Jaguar Benchmark Against Spark

Jaguar is the distributed version of ArrayDB. Simply installing ArrayDB over any distributed file system such as Gluster and Ceph, ArrayDB performed extremely well.

We have setup a cluster of computer servers running Glusterfs, which is a distributed file system capable of scaling to several petabytes and handling thousands of clients. We then mounted the Gluster volume on the clustered servers.  Spark 1.3.1 is also installed on these same servers to benchmark SQL operations on a data set consisting of two million key-value pairs.

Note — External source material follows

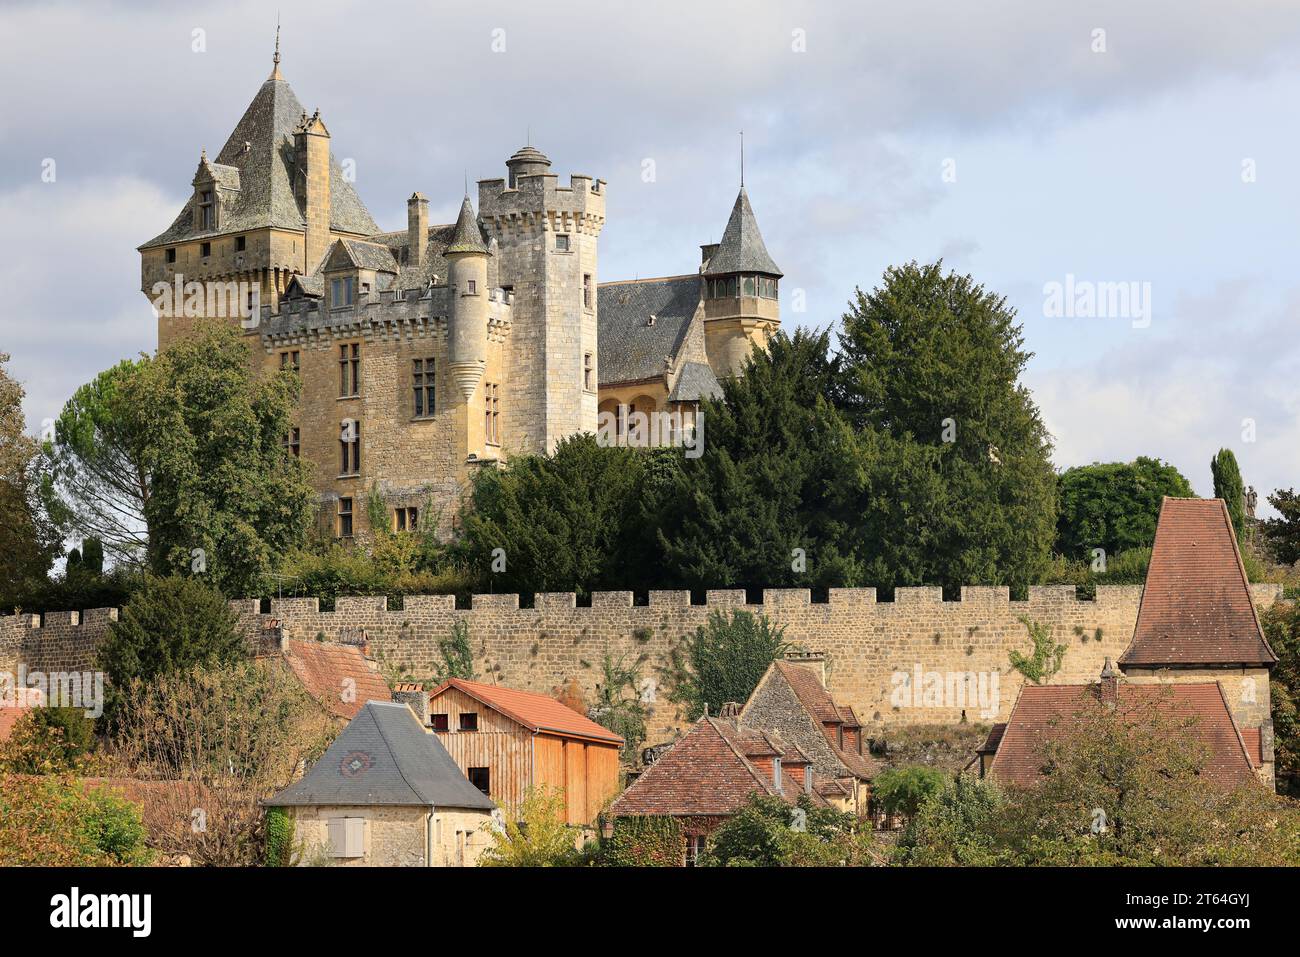 Château and village of Montfort in Périgord Noir near Sarlat. Montfort Castle overlooks the Dordogne River. History, architecture and tourism. Monfort Stock Photo
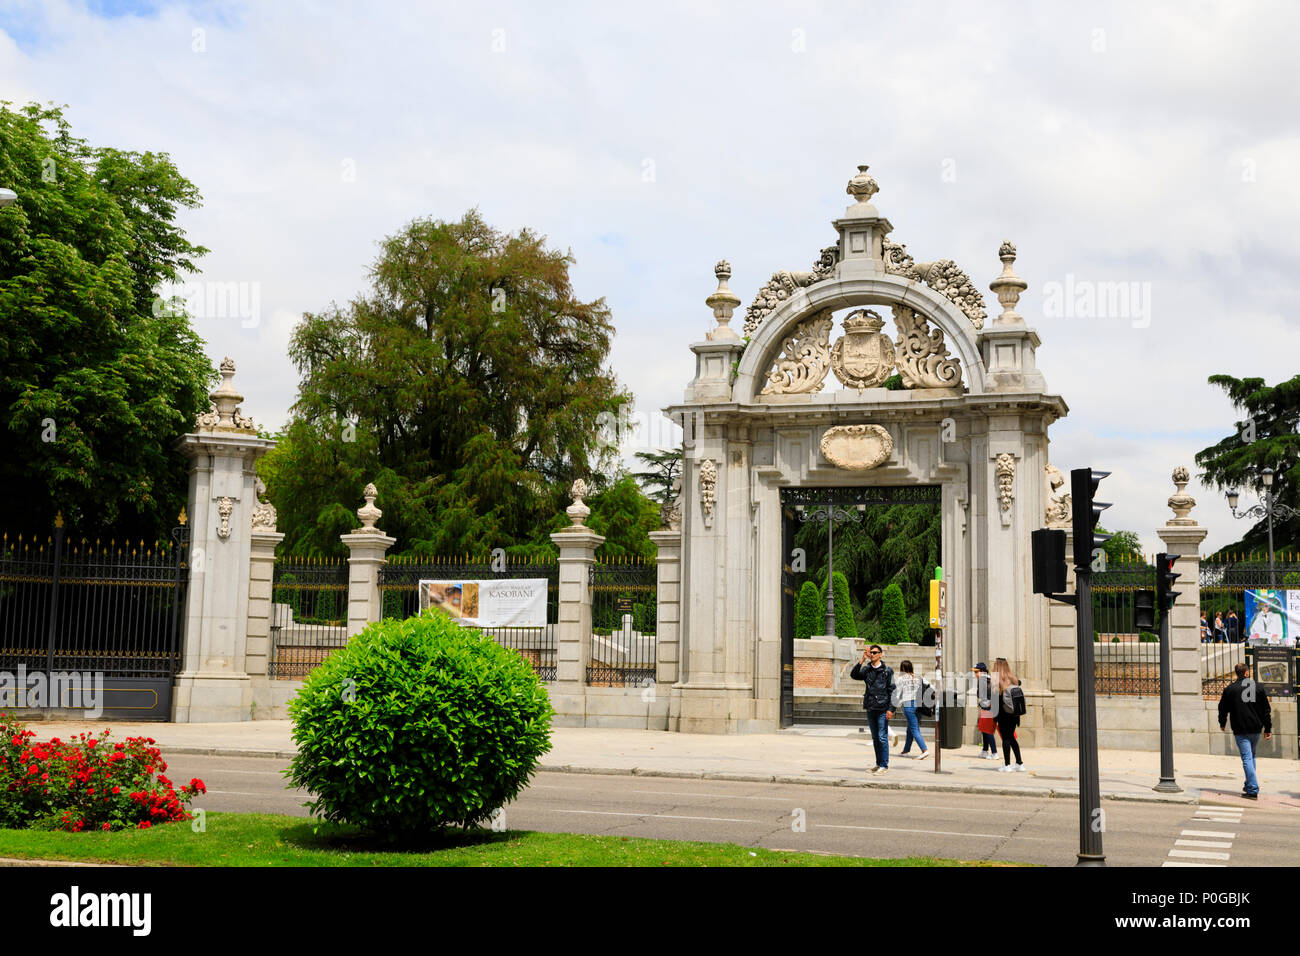 Puerto Felipe IV cancello di ingresso al Parque del Buen Retiro, Parque de Madrid, Madrid, Spagna. Maggio 2018 Foto Stock

In Spark testing, the procedure to compile and execute Spark Scala program is as follows:

$ vim MyTest.scala

$ sbt package

$ spark-submit –class MyTest –master yarn-client   target/scala-2.11/mytest_2.11-1.0.jar

In Jaguar testing, the data directory in $HOME/arraydb/ is soft-linked to the mounted directory of gluster volume. Then client programs are started on the different clustered hosts.

1. Joining two tables each consisting of 2000000 data items (32 bytes key, 48 bytes value).

MyTest.scala:

import org.apache.spark.{SparkConf, SparkContext}
import org.apache.spark.SparkContext._
import org.apache.spark.sql._
import org.apache.spark.sql.types.{StructType,StructField,StringType};

object MyTest
{
def main(args: Array[String])

{

val sparkConf = new SparkConf().setAppName(“MyTest”);
val sc = new SparkContext(sparkConf)
val sqlContext = new org.apache.spark.sql.SQLContext(sc)

val people1 = sc.textFile(“hdfs://HD3:9000/home/exeray/2M.txt”)

val people2 = sc.textFile(“hdfs://HD3:9000/home/exeray/2M2.txt”)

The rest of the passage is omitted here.